Two of these documents are:


And I’m using this mapping definition, with some boosting for the most important fields:

The problem is that running this query I got a result very different than what I expected:

{
"query": {
"query_string": {
"query": "rio"
}
}
}

As you can see, both documents have 4 matches for the query (1 in titulo_portugues, 1 in titulo_original, 1 in sinopse and 1 in elenco), but in 16855 it matches exactly the values in titulo_portugues and titulo_original. Because of this, I was expecting document 16855 to have the biggest score (or, at least, one of the biggest), but actually it getting a very low score. Much lower than document 2739, which has the biggest score for this query. The query returns a total of 456 hits, and 16855 is one the last documents!

Trying to understand what is happening, I’ve used explain and got this:


I see both documents scores exactly the same for tf and idf, but 2739 got a higher score for fieldNorm, which I don’t understand what it is and how it is calculated. Would someone help understand this?

Thanks!

--
Davi Alexandre

--
You received this message because you are subscribed to the Google Groups "elasticsearch" group.
To unsubscribe from this group and stop receiving emails from it, send an email to elasticsearch+unsubscribe@googlegroups.com.
To view this discussion on the web visit https://groups.google.com/d/msgid/elasticsearch/etPan.52a63d0d.2ae8944a.2c8%40Macbook.
For more options, visit https://groups.google.com/groups/opt_out.


(Luca Cavanna) #2

Hi,
field norm contains index time boosting (if you used it) and takes into
account the length of the field. Shorter fields are scored higher than
longer ones as they tend to summarize better thus to be more relevant.
If you don't like this and you don't need index time boosting either, you
can disable norms on your mapping per field (omit_norms=true), just
remember it's information stored in the lucene index, thus you need to
reindex your documents to apply the change.

On Monday, December 9, 2013 10:58:32 PM UTC+1, Davi Alexandre wrote:

Hi,

I have a movies index with thousands of documents.

Two of these documents are:

https://gist.github.com/davialexandre/7881281#file-16855-json
https://gist.github.com/davialexandre/7881281#file-2739-json

And I’m using this mapping definition, with some boosting for the most
important fields:

https://gist.github.com/davialexandre/7881281#file-mapping-json

The problem is that running this query I got a result very different than
what I expected:

{
"query": {
"query_string": {
"query": "rio"
}
}
}

As you can see, both documents have 4 matches for the query (1 in
titulo_portugues, 1 in titulo_original, 1 in sinopse and 1 in elenco), but
in 16855 it matches exactly the values in titulo_portugues and
titulo_original. Because of this, I was expecting document 16855 to have
the biggest score (or, at least, one of the biggest), but actually it
getting a very low score. Much lower than document 2739, which has the
biggest score for this query. The query returns a total of 456 hits, and
16855 is one the last documents!

Trying to understand what is happening, I’ve used explain and got this:

https://gist.github.com/davialexandre/7881281#file-explain_16855-json
https://gist.github.com/davialexandre/7881281#file-explain_2739-json

I see both documents scores exactly the same for tf and idf, but 2739 got
a higher score for fieldNorm, which I don’t understand what it is and how
it is calculated.
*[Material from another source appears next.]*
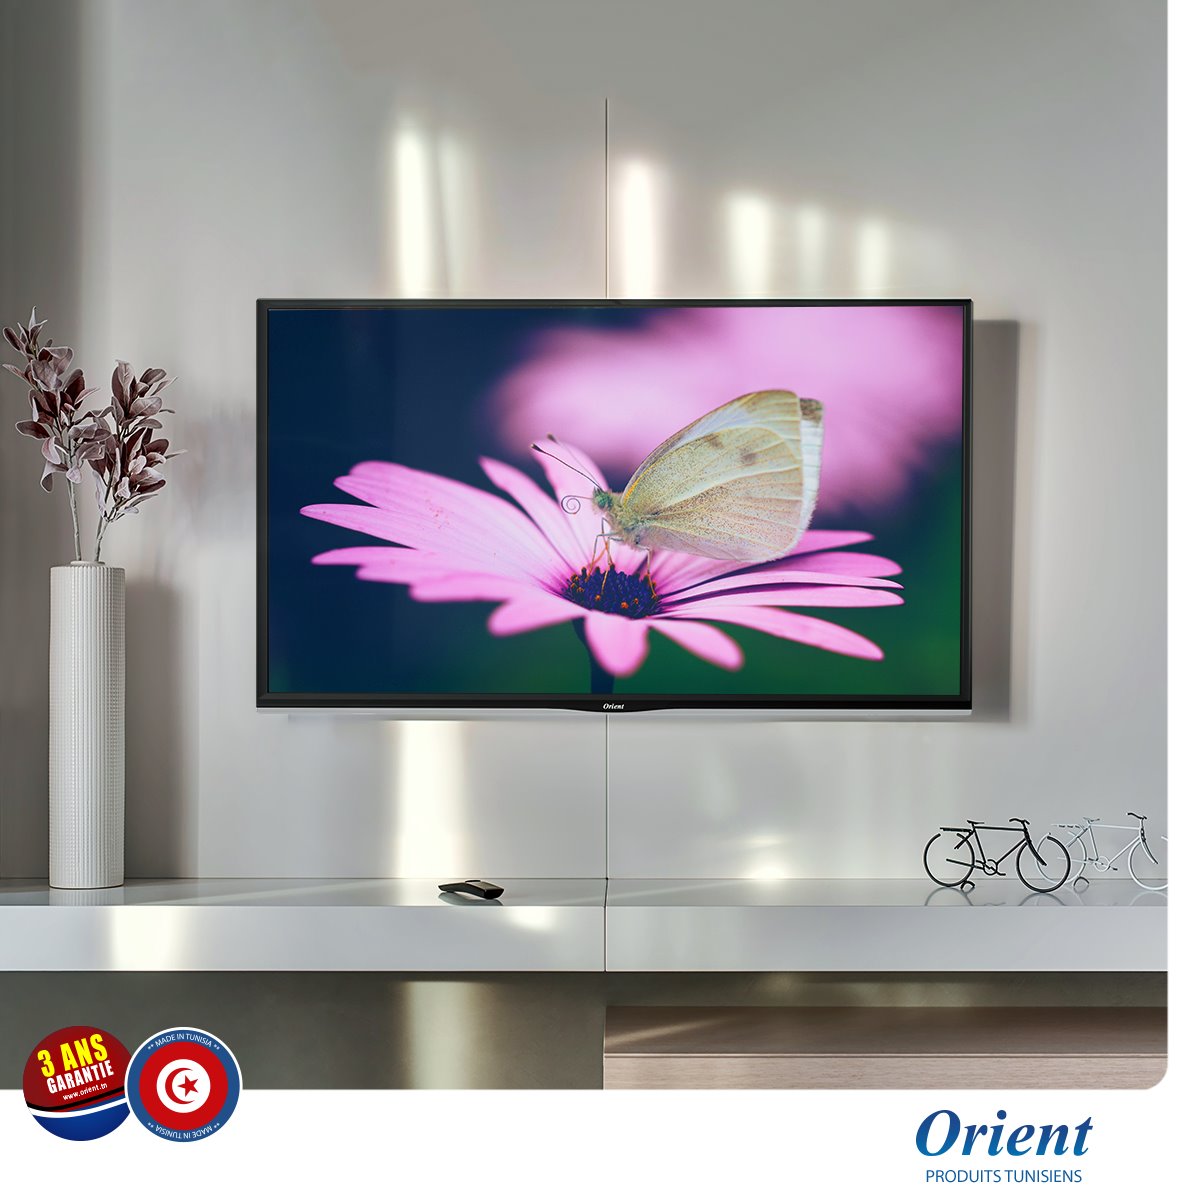 TV Orient LED 40" FULL HD Tunisie prix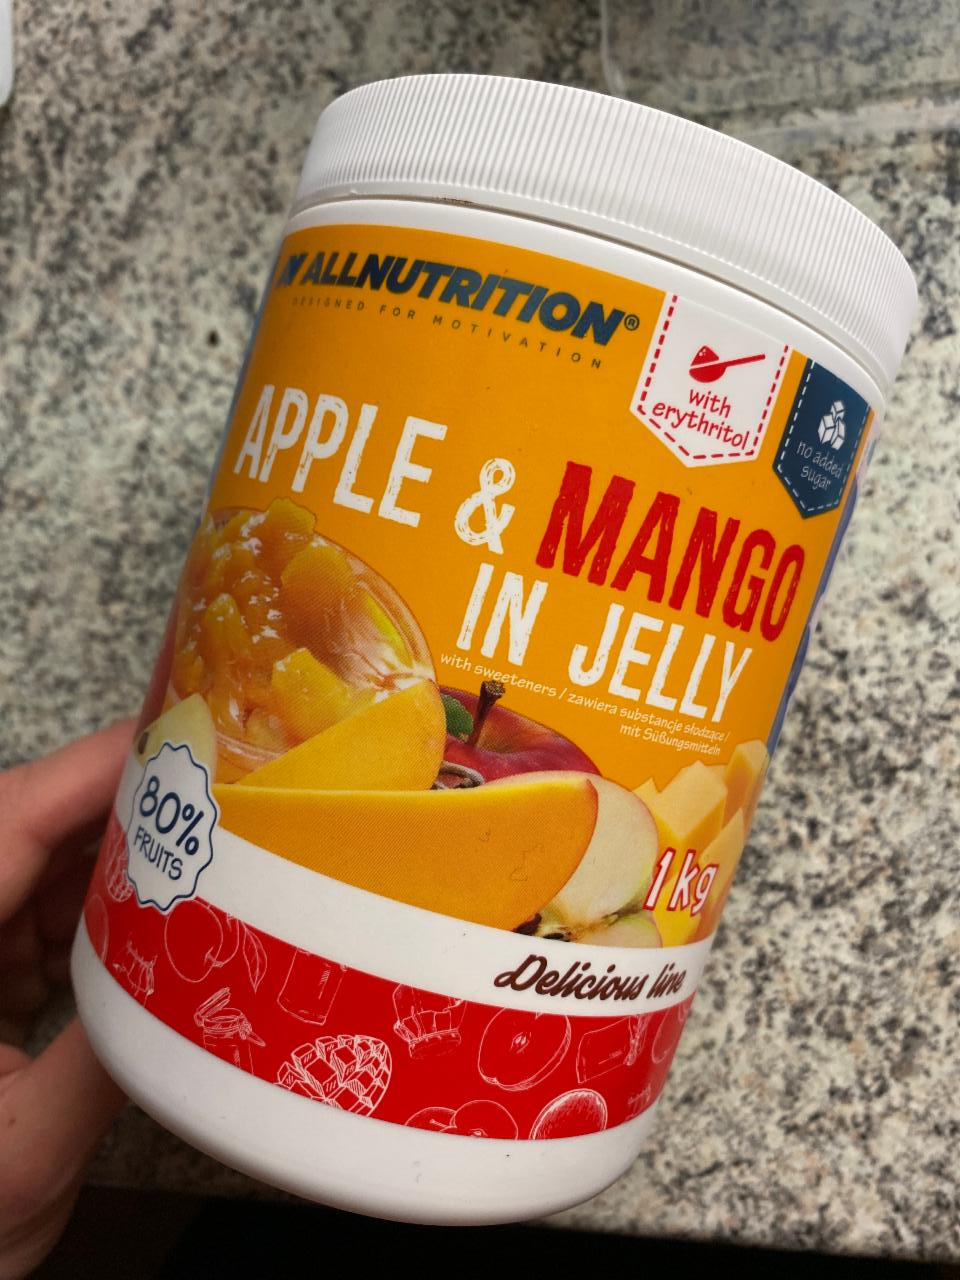 Fotografie - Apple & mango in jelly Allnutrition

Would someone help understand this?

Thanks!

--
Davi Alexandre

--
You received this message because you are subscribed to the Google Groups "elasticsearch" group.
To unsubscribe from this group and stop receiving emails from it, send an email to elasticsearch+unsubscribe@googlegroups.com.
To view this discussion on the web visit https://groups.google.com/d/msgid/elasticsearch/0d87adf8-3a91-4ccd-8bbb-238672a15b5f%40googlegroups.com.
For more options, visit https://groups.google.com/groups/opt_out.


(Davi Alexandre) #3

I was suspecting it was related to field length, but why 16855 have a lower score than 2739 when it has shorter fields that matches exactly the query term?

--
Davi Alexandre

Em 10 de dezembro de 2013 at 08:24:38, Luca Cavanna (cavannaluca@gmail.com) escreveu:

Hi,
field norm contains index time boosting (if you used it) and takes into account the length of the field. Shorter fields are scored higher than longer ones as they tend to summarize better thus to be more relevant.
If you don't like this and you don't need index time boosting either, you can disable norms on your mapping per field (omit_norms=true), just remember it's information stored in the lucene index, thus you need to reindex your documents to apply the change.

On Monday, December 9, 2013 10:58:32 PM UTC+1, Davi Alexandre wrote:
Hi,

I have a movies index with thousands of documents.

Two of these documents are:


And I’m using this mapping definition, with some boosting for the most important fields:

The problem is that running this query I got a result very different than what I expected:

{
"query": {
"query_string": {
"query": "rio"
}
}
}

As you can see, both documents have 4 matches for the query (1 in titulo_portugues, 1 in titulo_original, 1 in sinopse and 1 in elenco), but in 16855 it matches exactly the values in titulo_portugues and titulo_original. Because of this, I was expecting document 16855 to have the biggest score (or, at least, one of the biggest), but actually it getting a very low score. Much lower than document 2739, which has the biggest score for this query. The query returns a total of 456 hits, and 16855 is one the last documents!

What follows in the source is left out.